What is purchase prediction?
Purchase prediction is the process of forecasting customers’ next purchases.
Generally, it helps businesses in two ways. Internally, it enables them to manage their demand and supply efficiently and effectively. This results in saving inventory costs and wastage. On the customer front, it helps them in delivering an excellent customer experience.
Thus, Purchase prediction utilizes machine learning algorithms to make accurate predictions.
Why is purchase prediction important?
Purchase Prediction assists in predicting the items, a customer is likely to purchase in their next visit. As a matter of fact, this prediction is performed based on the customer’s past purchases. This results in increased demand and inventory planning for the business.
Also, one hidden benefit of this technique is a reduction in inventory costs.
Moreover, you can leverage these insights to satisfy your customer’s needs in a predictable manner. The end result is customer delight and loyalty. Thus, it helps them deliver an outstanding customer experience.
For instance, Amazon’s one-third of revenues comes from this one feature of their platform.

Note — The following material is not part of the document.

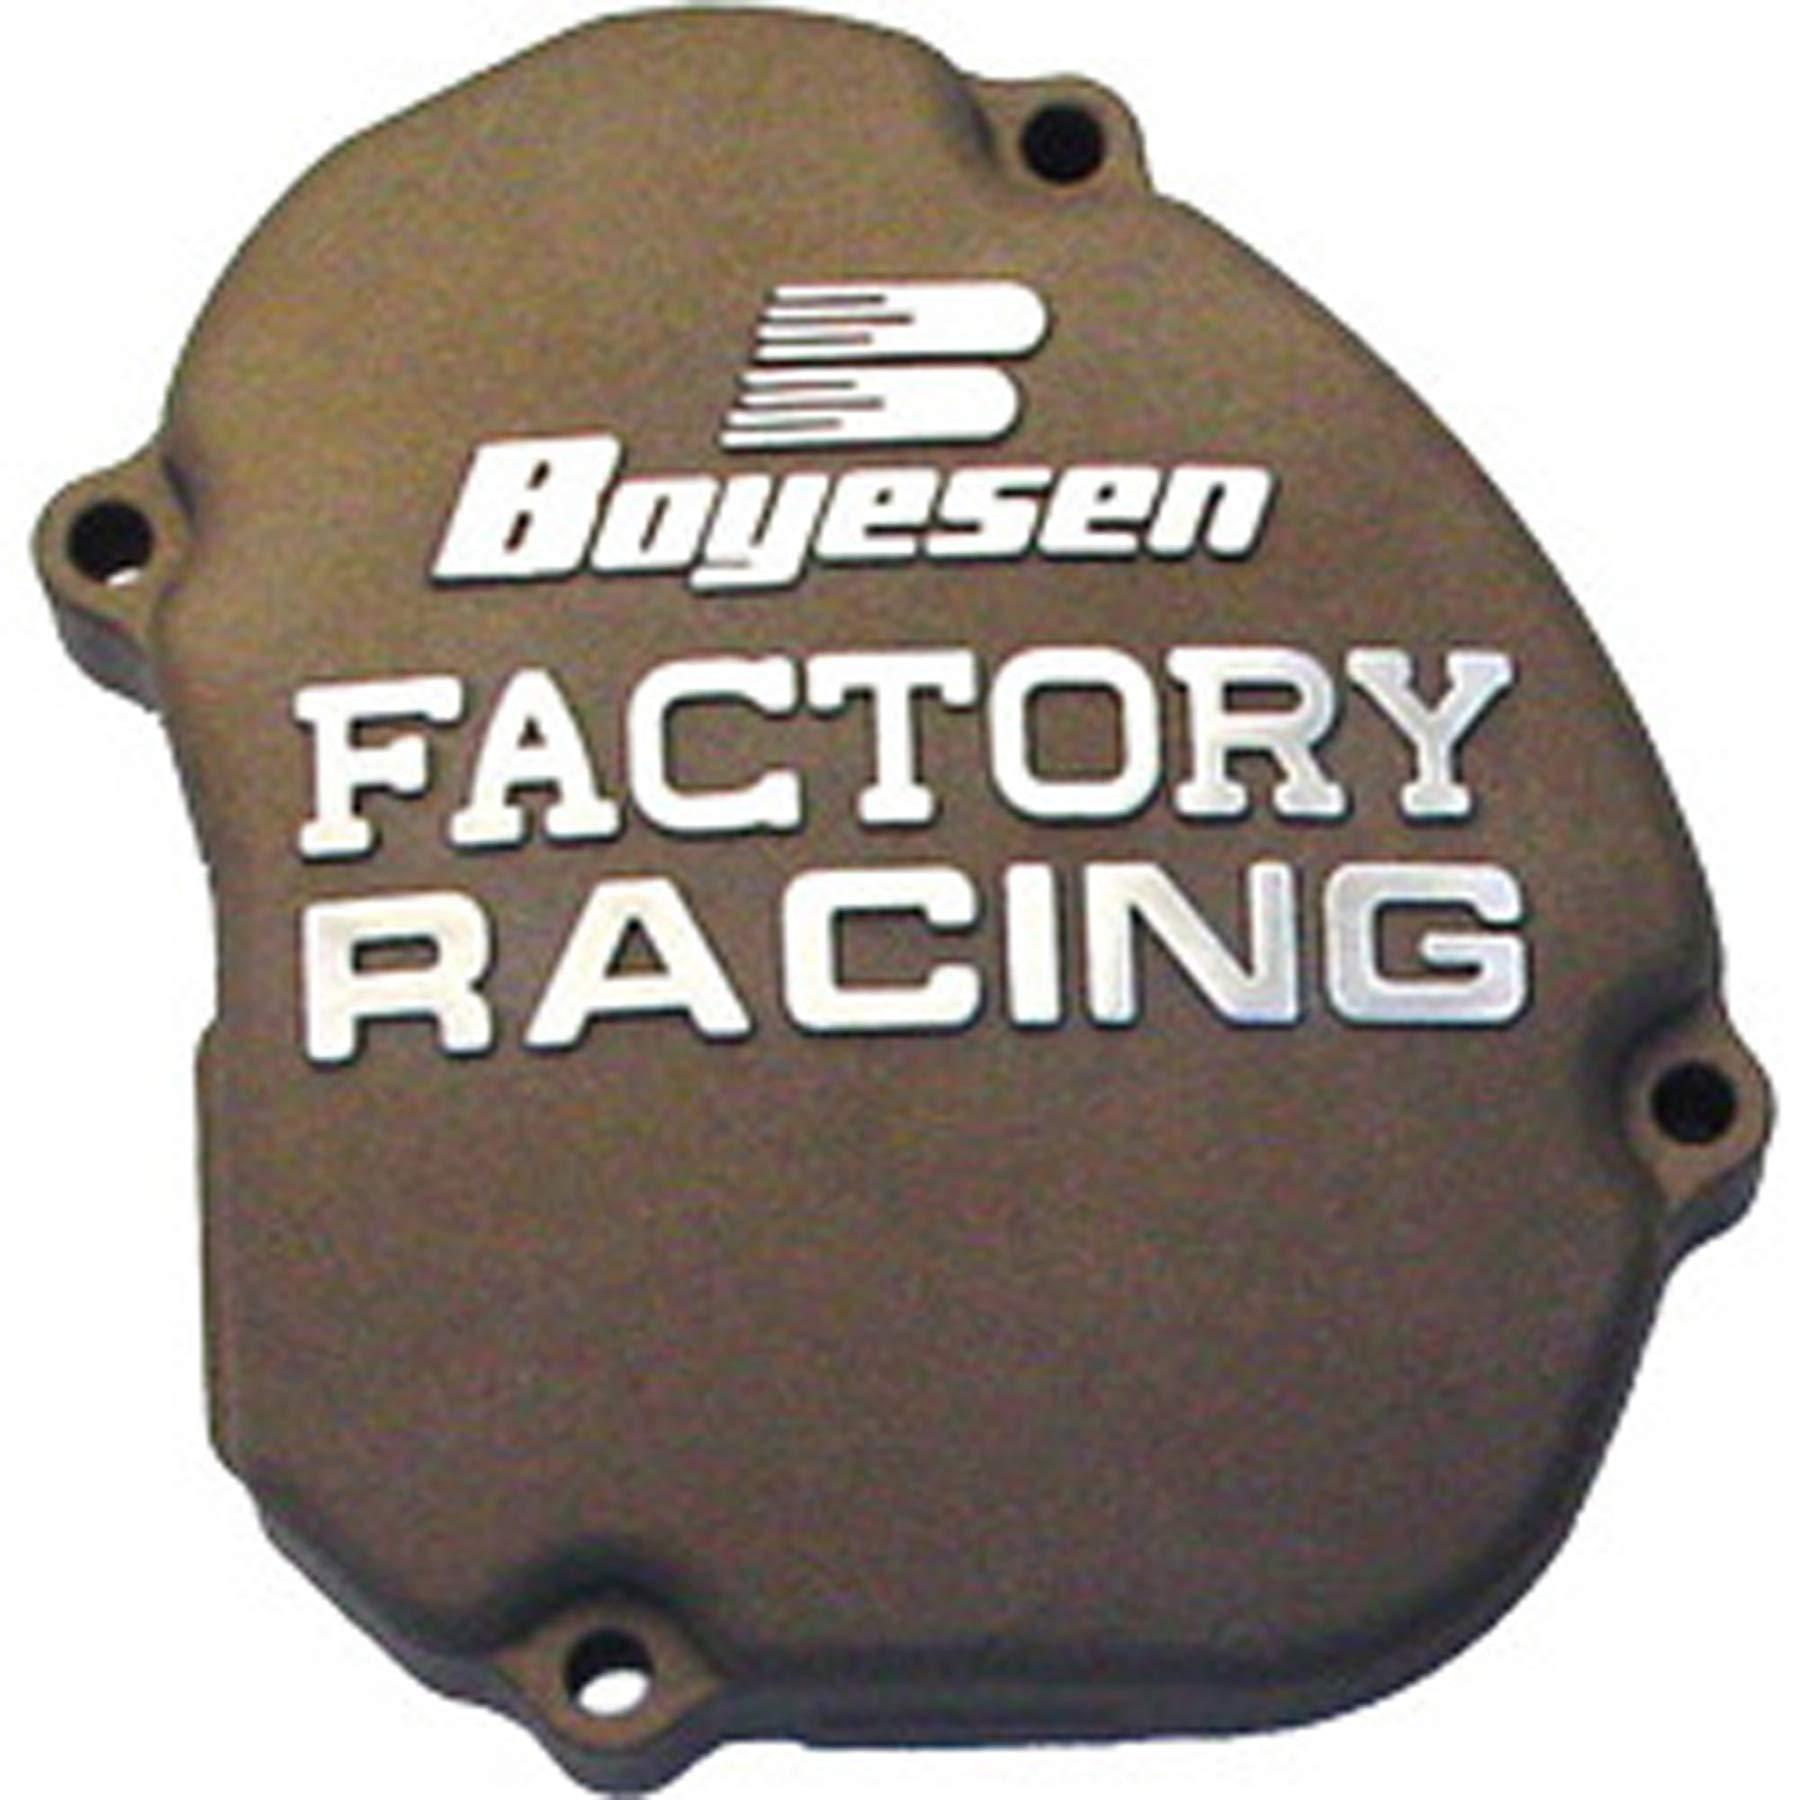 Factory Ignition Cover - Magnesium 2006 Kawasaki KX250 Offroad Motorcycle

Purchase Prediction Case Study for a Regional Delicacy Business
Client
An e-commerce company specializing in selling and delivering regional delicacies
Situation
The business selling regional delicacies was losing money every month because of the customer purchase behaviour unpredictability.
Task
The urgent objective was to stop losing money. The requirement was to understand customer purchase behaviour and plan the future course.
Action
We analyzed the past purchases by customers. Additionally, we performed analysis to identify items that were being bought by customers within a cluster. Purchase frequency, recency, and trigger events were important considerations.
Result
The insights were 180-degrees from the management’s perception about their customer preferences. While 68 items were on offer, less than 10 items were being purchased regularly. This was a real eye-opener for the management team (it took them 15-mins to digest the truth and grasp the real situation). This study helped them cut losses, pivot from their model, and take appropriate rebranding actions.